■ Problem statement: The lines below, from the one holding "Zijaanzicht van onderneemster" through the one holding "Statue der Madonna von Fatima", are to be restated word for word, with all images left out.

■ Exercise data:

**********

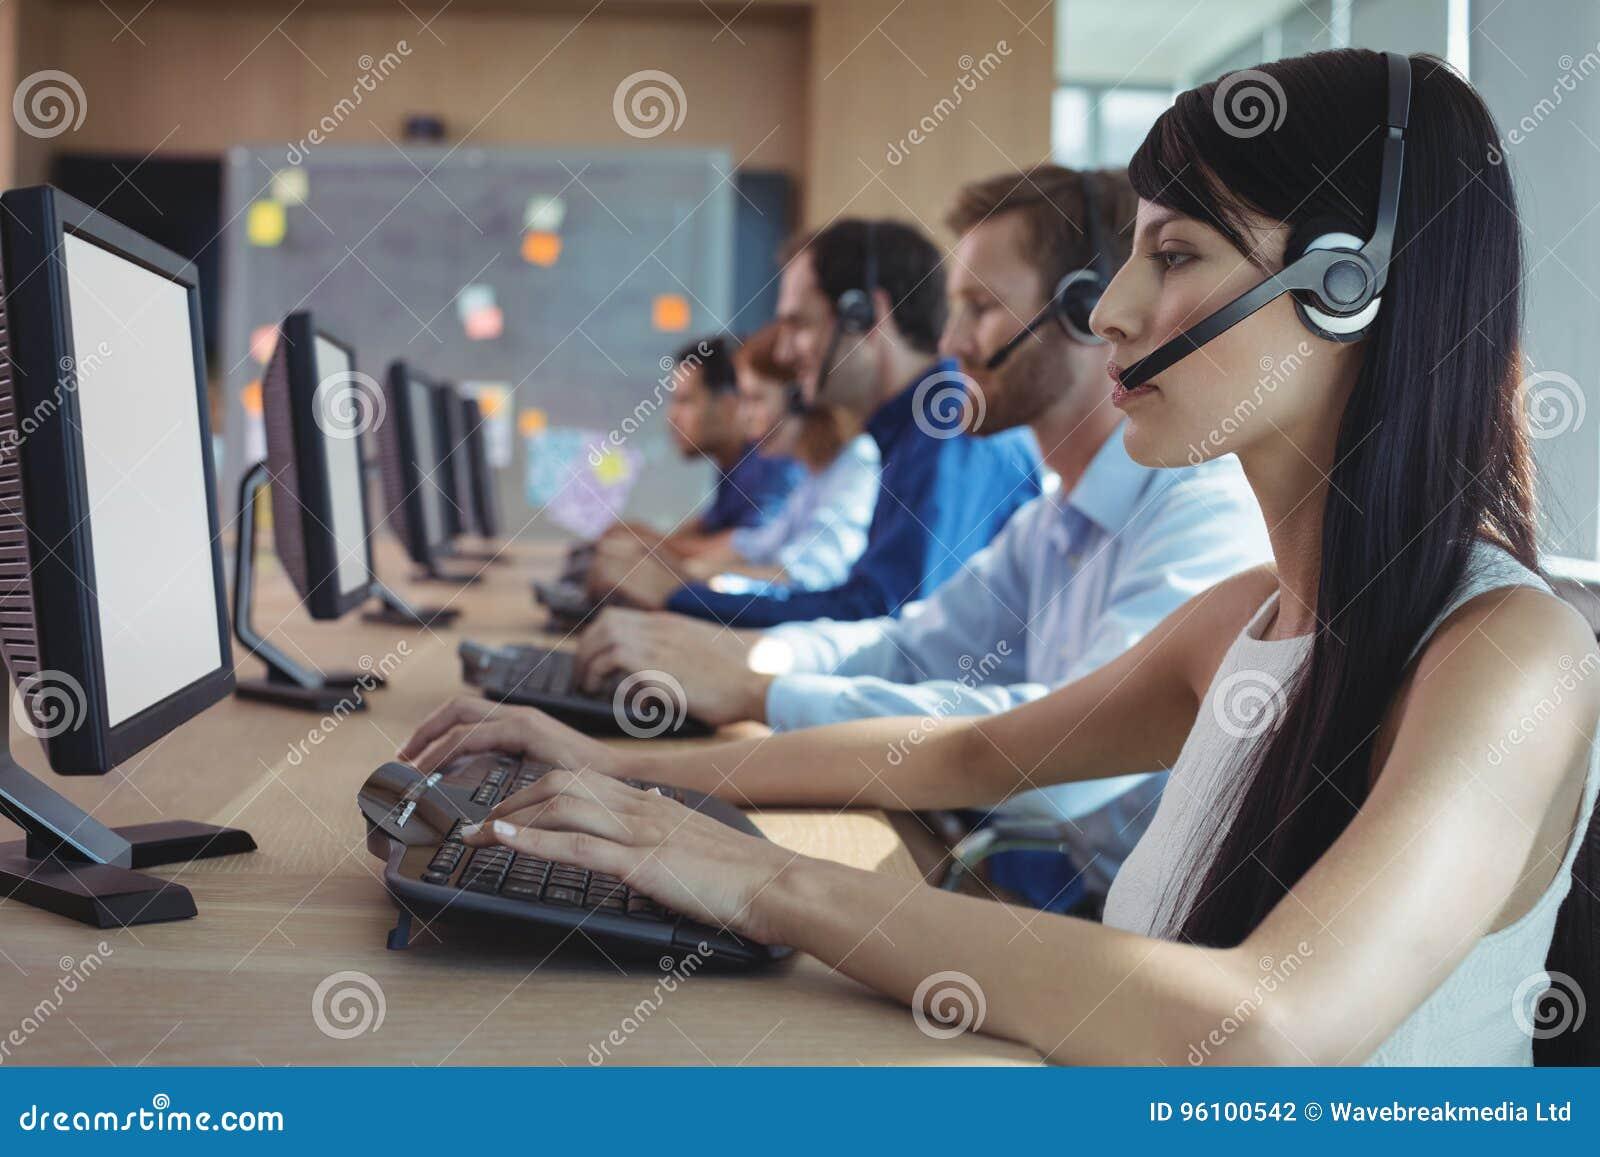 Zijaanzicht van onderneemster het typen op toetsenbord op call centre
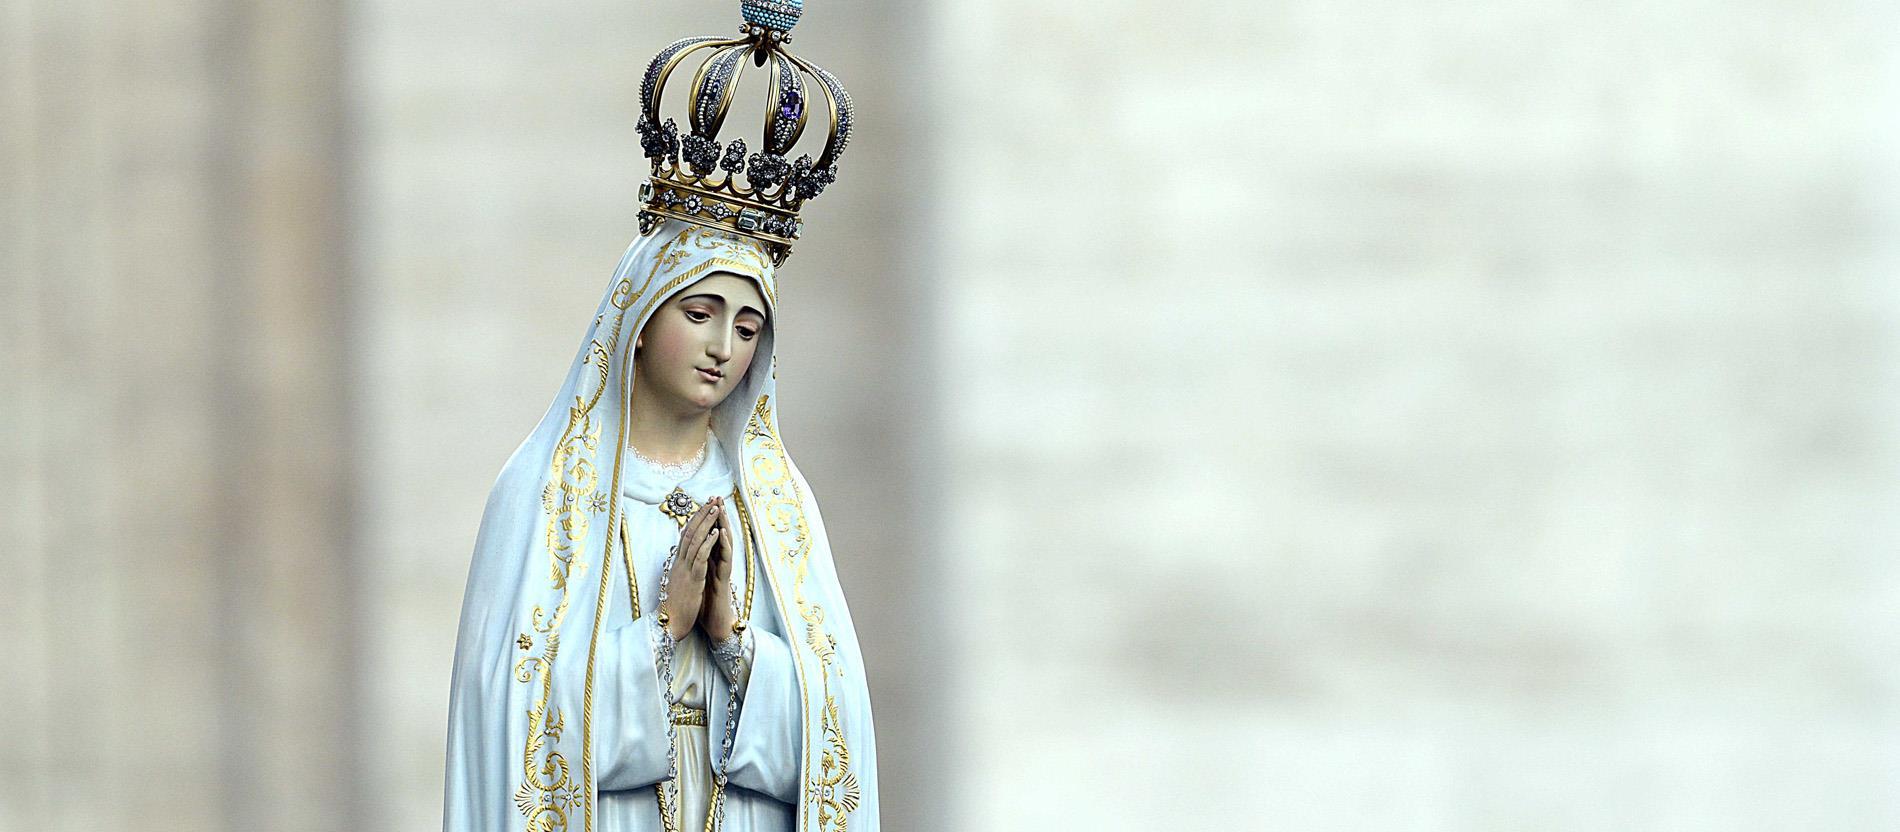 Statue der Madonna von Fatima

**********

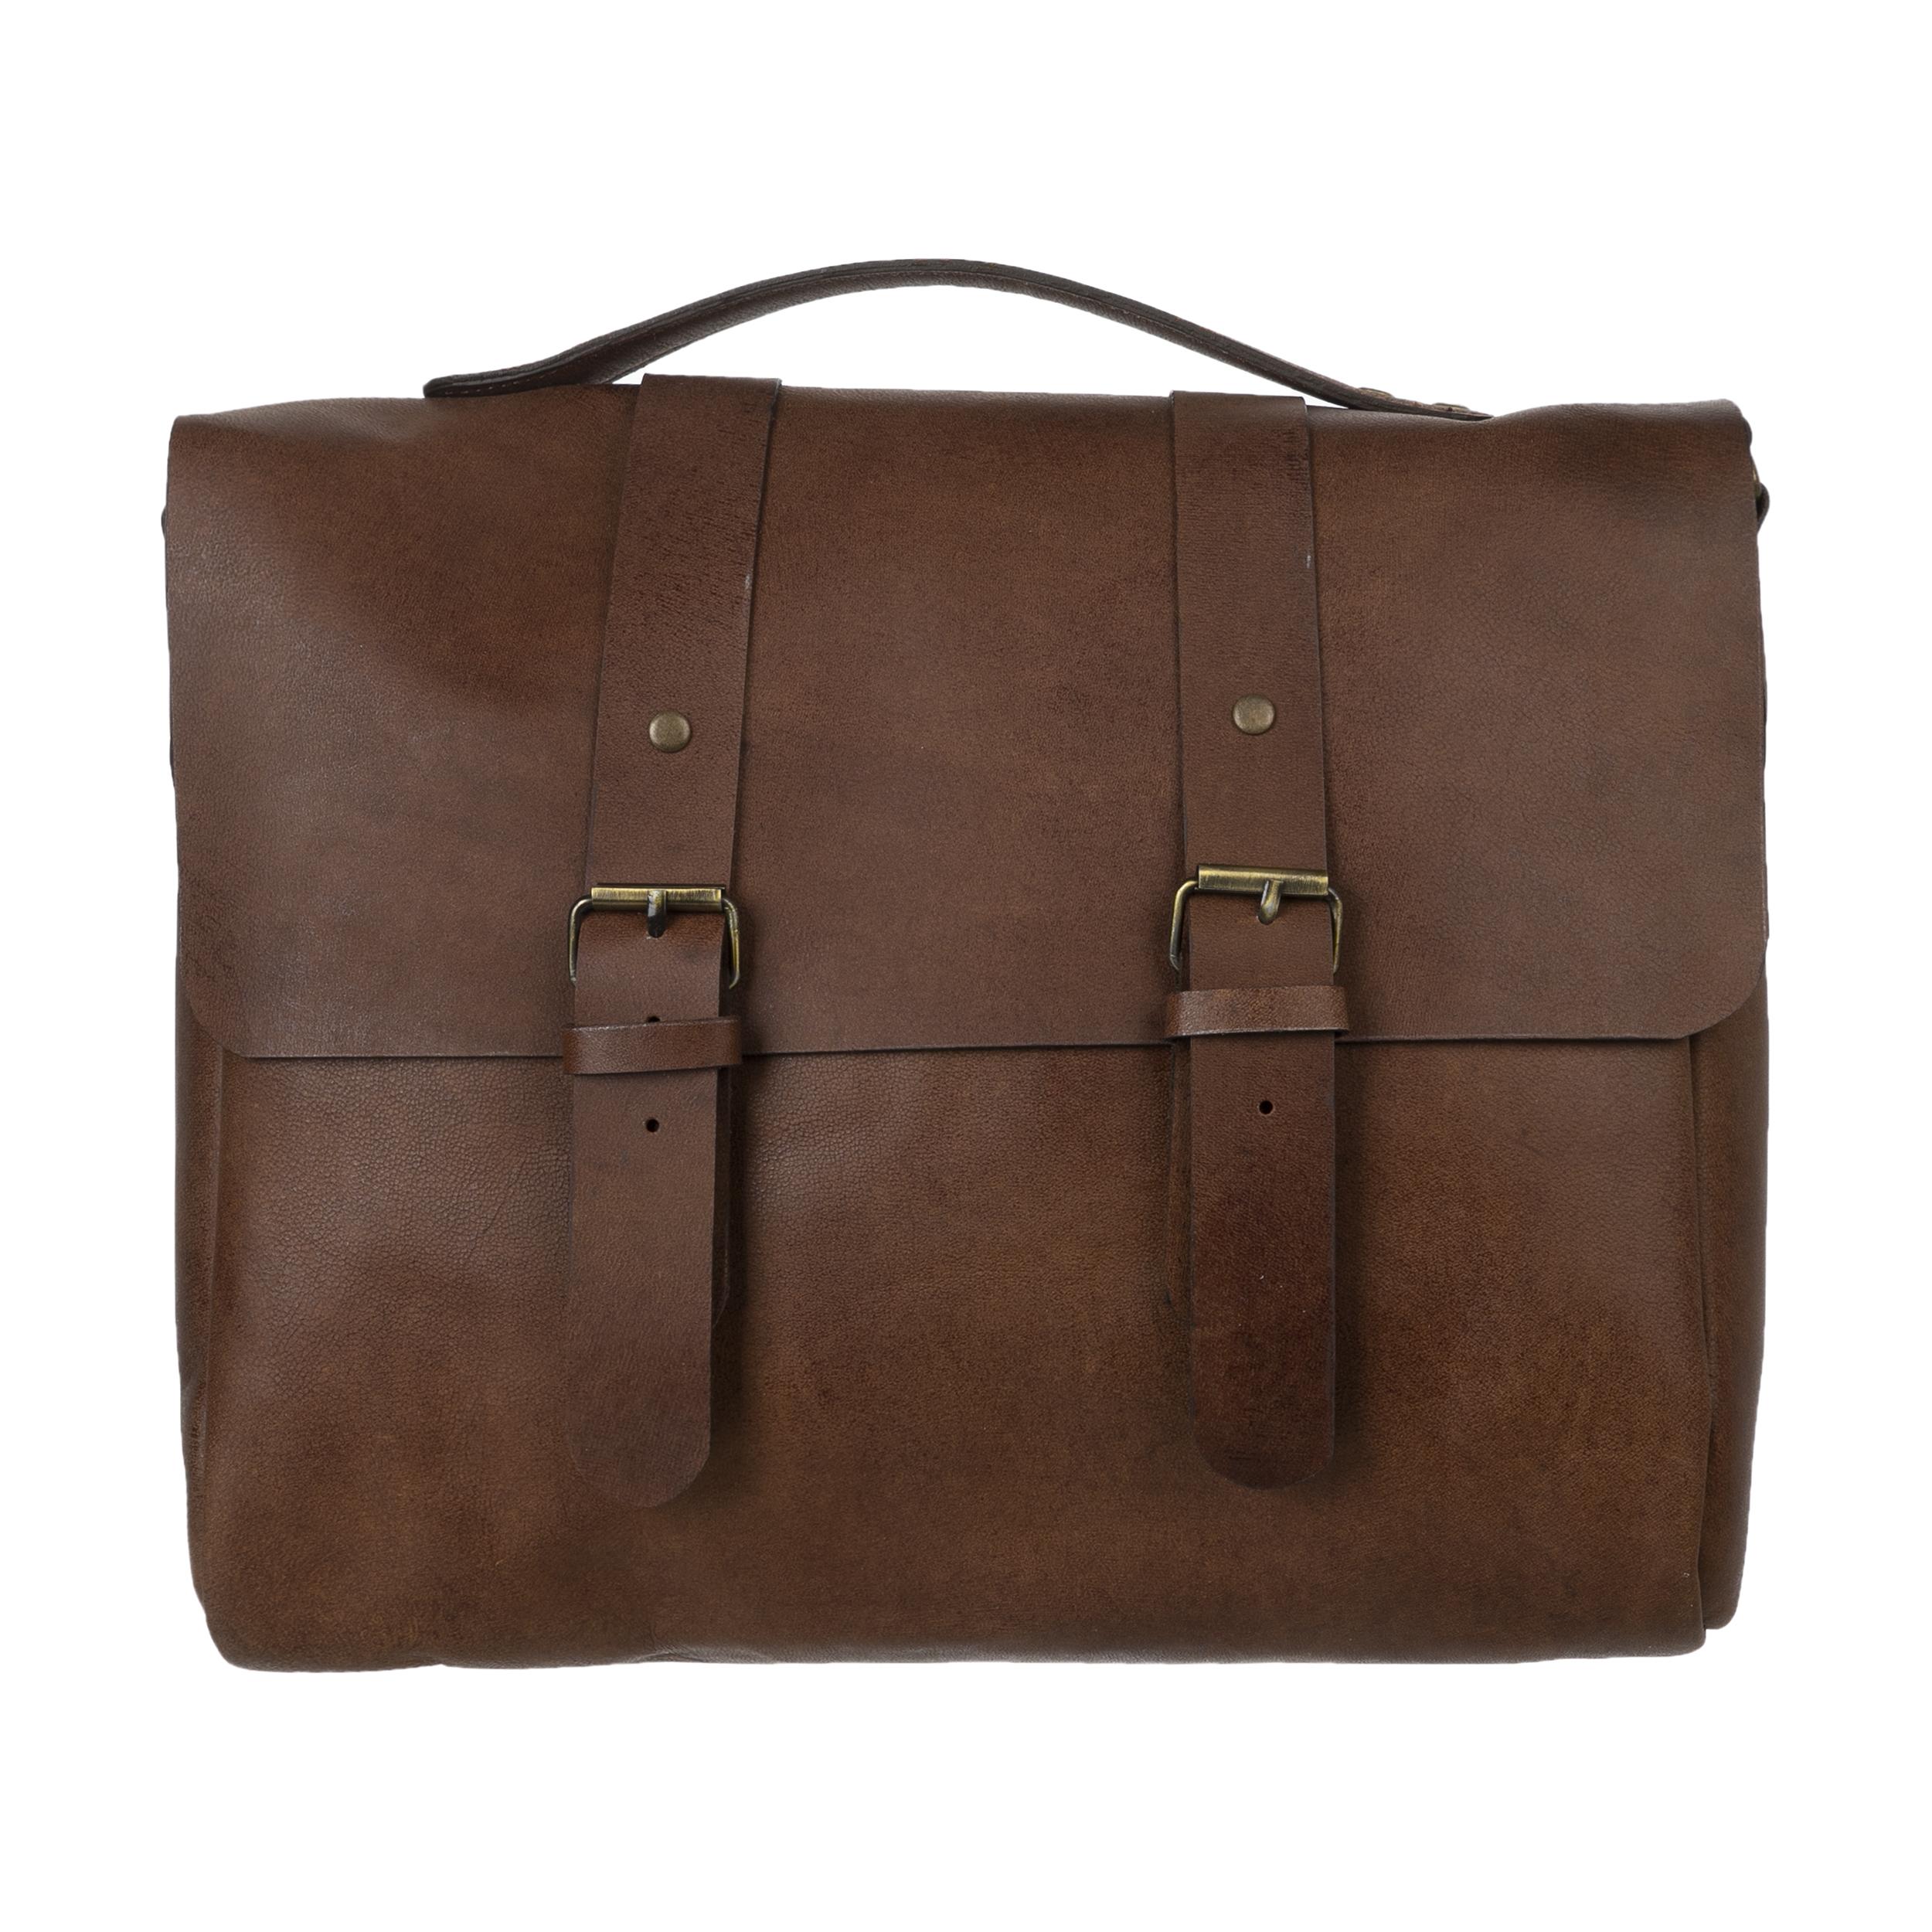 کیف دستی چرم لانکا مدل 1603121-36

**********

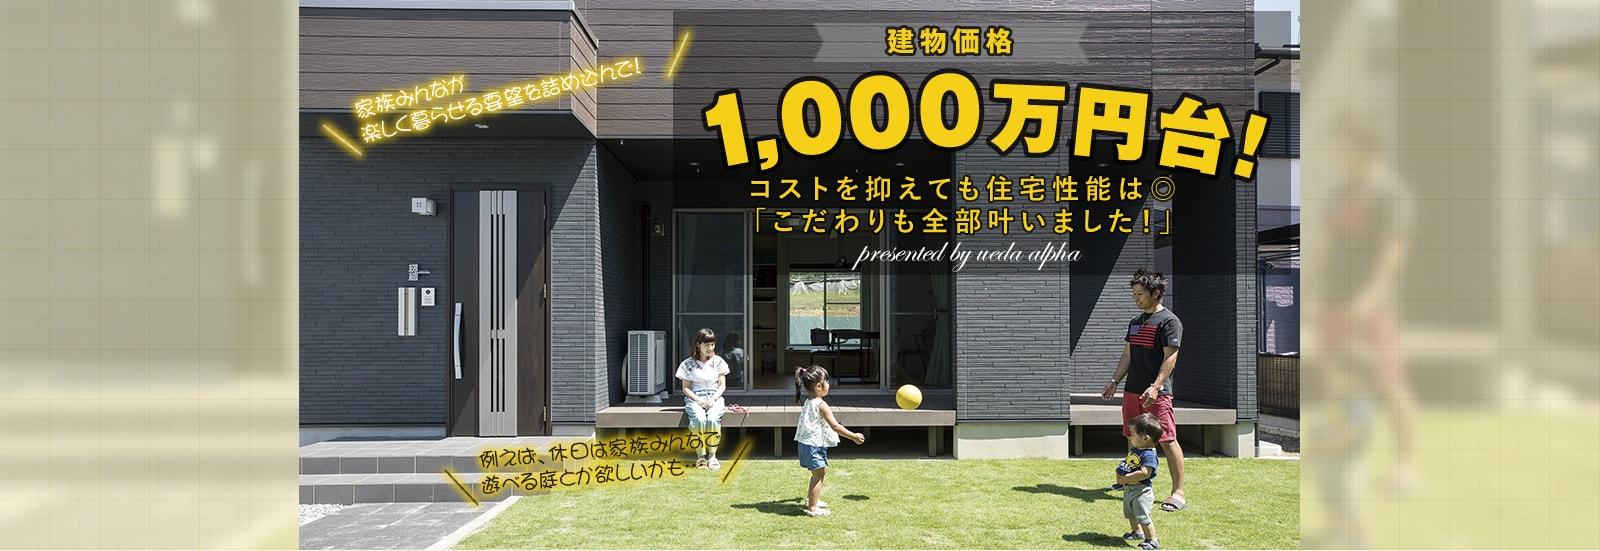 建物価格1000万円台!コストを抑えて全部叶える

**********

■ Answer section:
 Zijaanzicht van onderneemster het typen op toetsenbord op call centre
 Statue der Madonna von Fatima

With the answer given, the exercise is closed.